What and how to perceive?

We are not equals in the ability to feel, to feel the tissue move under our hands. Some people can perceive these mobilities after a few seconds while some osteopaths do not…
These perceptions, if they are not immediately felt, can be acquired through work and various experiments… So be patient…

The following exercises will allow you to test your palpatory capacities, but also to highlight certain characteristics of this motility.

The first exercises will perhaps allow the neophyte to perceive these phenomena of what is commonly known as Primary Respiratory Mechanism (PRM), then in a second stage you will find exercises more specific to Permanent Muscular Motility (PMM) where the pressure exerted by the tester’s hand will have to be greater and adapted to the motility of the underlying tissues.

 

The Primary Respiratory Mechanism (PRM)

For the neophyte, the easiest approach is the thigh.
Have a subject lie down on his back, and sitting beside him, put your hand wide open, fingers apart, on the widest part of his thigh.

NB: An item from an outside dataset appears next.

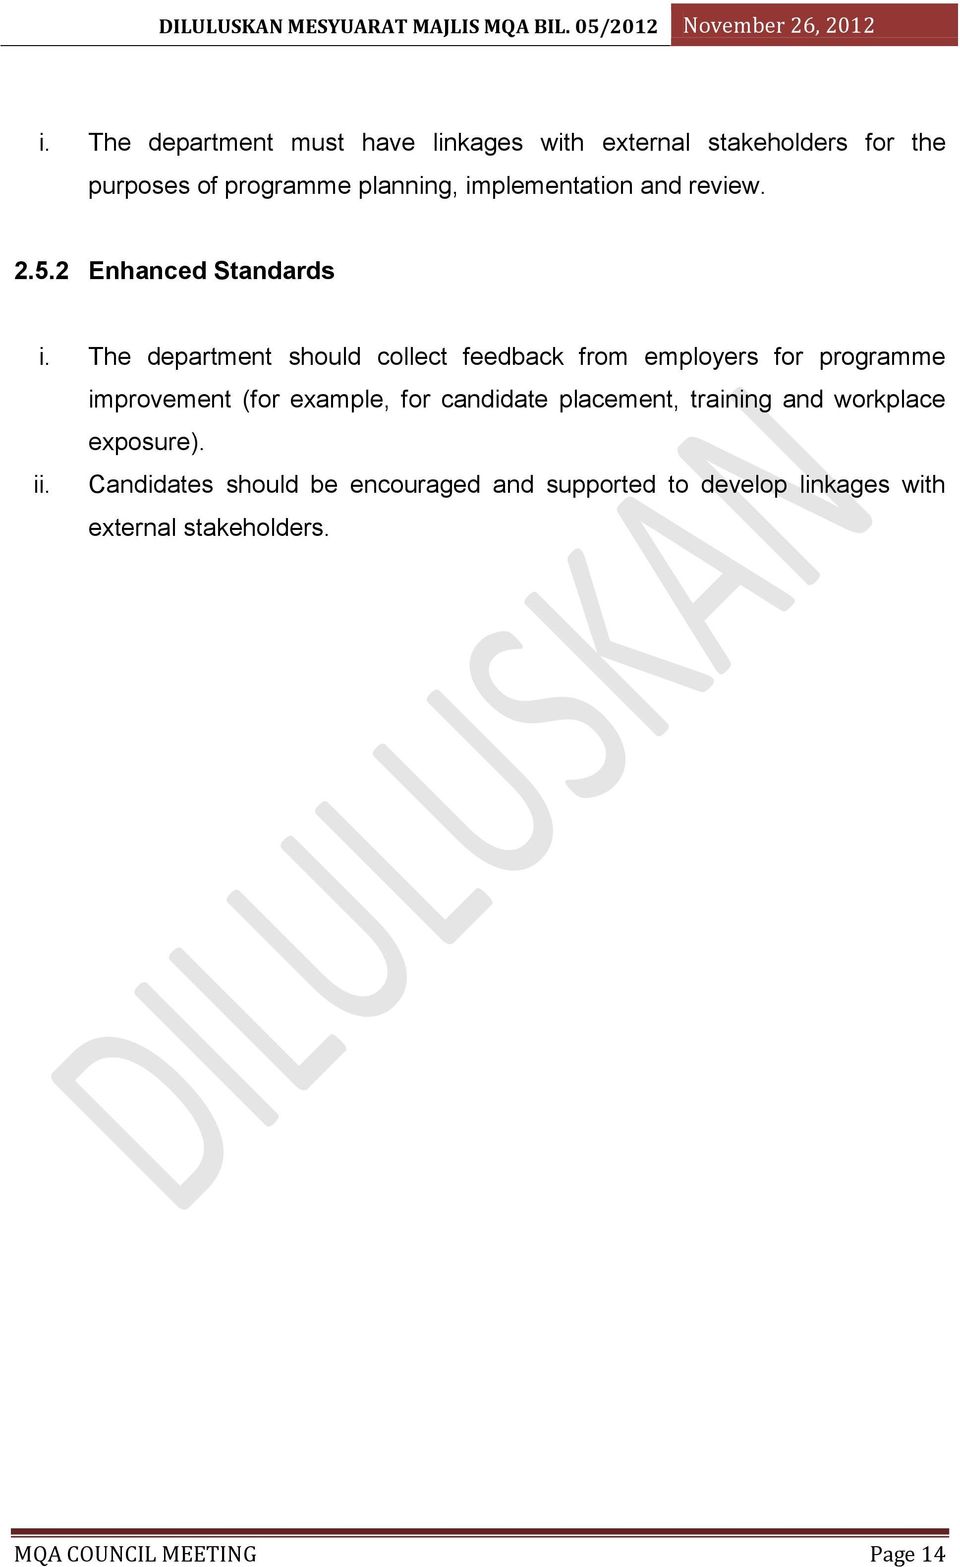 The department should collect feedback from employers for programme improvement (for example, for candidate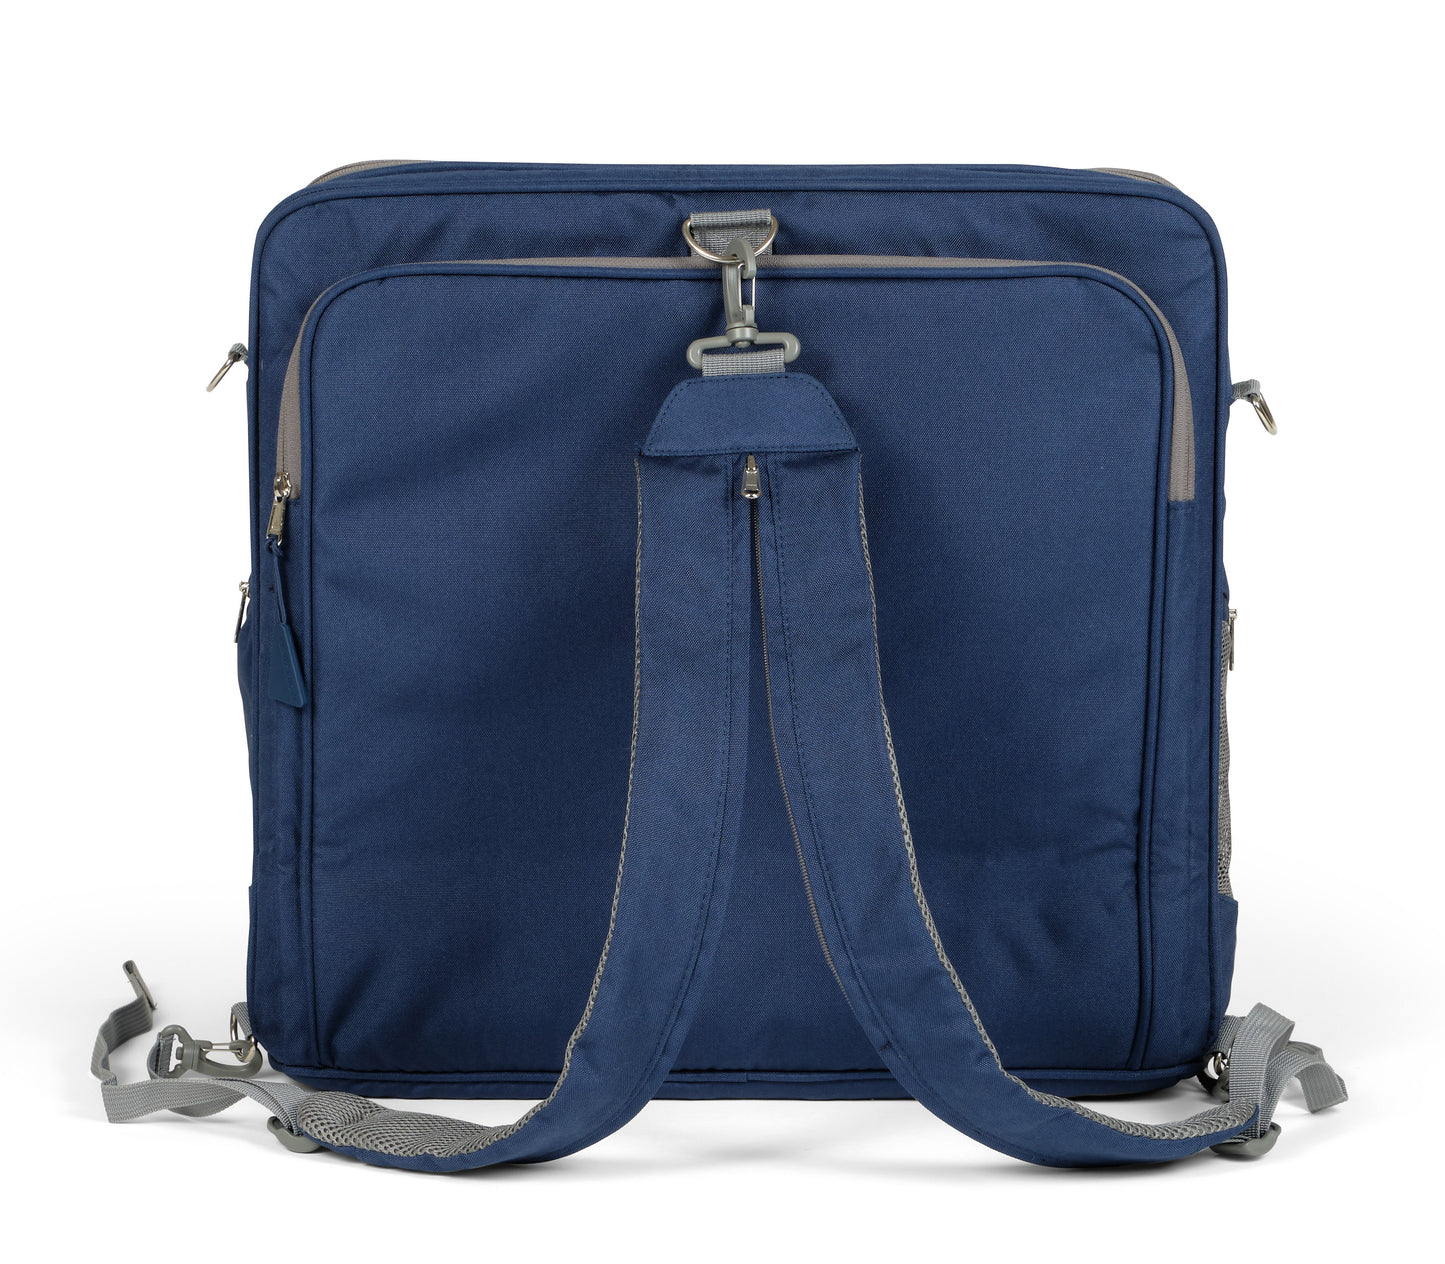 Back view of Marina-colored Playamigo showing backpack strap configuration

You should feel your subject’s thigh after a while, spread your fingers apart and then let them tighten rhythmically. This is the motility that we talk so much about, which will pulse under your fingers 8 to 12 times a minute or maybe half as many. If you don’t feel anything.

Another exercise is to put your hand flat on the patient’s thigh and feel the tissue sliding up and down rhythmically.

Now let’s go one step further to highlight this phenomenon called Permanent Muscle Motility.

 

Permanent Muscle Motility (PMM)

Here are some brief tests that will allow you to highlight certain physiological or lesional characteristics concerning PMM.

  • The muscle pump
  • Multiple rhythmicity
  • Asynchronisms (desynchronizations)
  • Loss of amplitude
  • Thoraco-diaphragmatic respiration and MMP

The muscle pump (PMM)

In the first place, PMM concerns the muscle. We are therefore going to highlight this muscle rhythmicity. Compared to the first exercise, you will need to apply a little more pressure and depth to be able to perceive the muscular rhythmicity.
The muscle which is the least difficult to apprehend will be the medial gastrocnemius or medial gastrocnemius, which is the internal muscle of the calf (for neophytes).
With your two hands embrace the muscle and feel it inflate and deflate. 80% of teachers at an osteopathic school have been able to feel the muscle inflate and deflate on the first attempt.

Multiple rhythmicities

PMM is environmentally sensitive.
Test the rhythmicity of a limb at rest, count the rhythms.
Test with heat or cold patches and recount.
It won’t be so obvious
Run your subject and then recount. You’ll need to find some strongly accelerated rhythms…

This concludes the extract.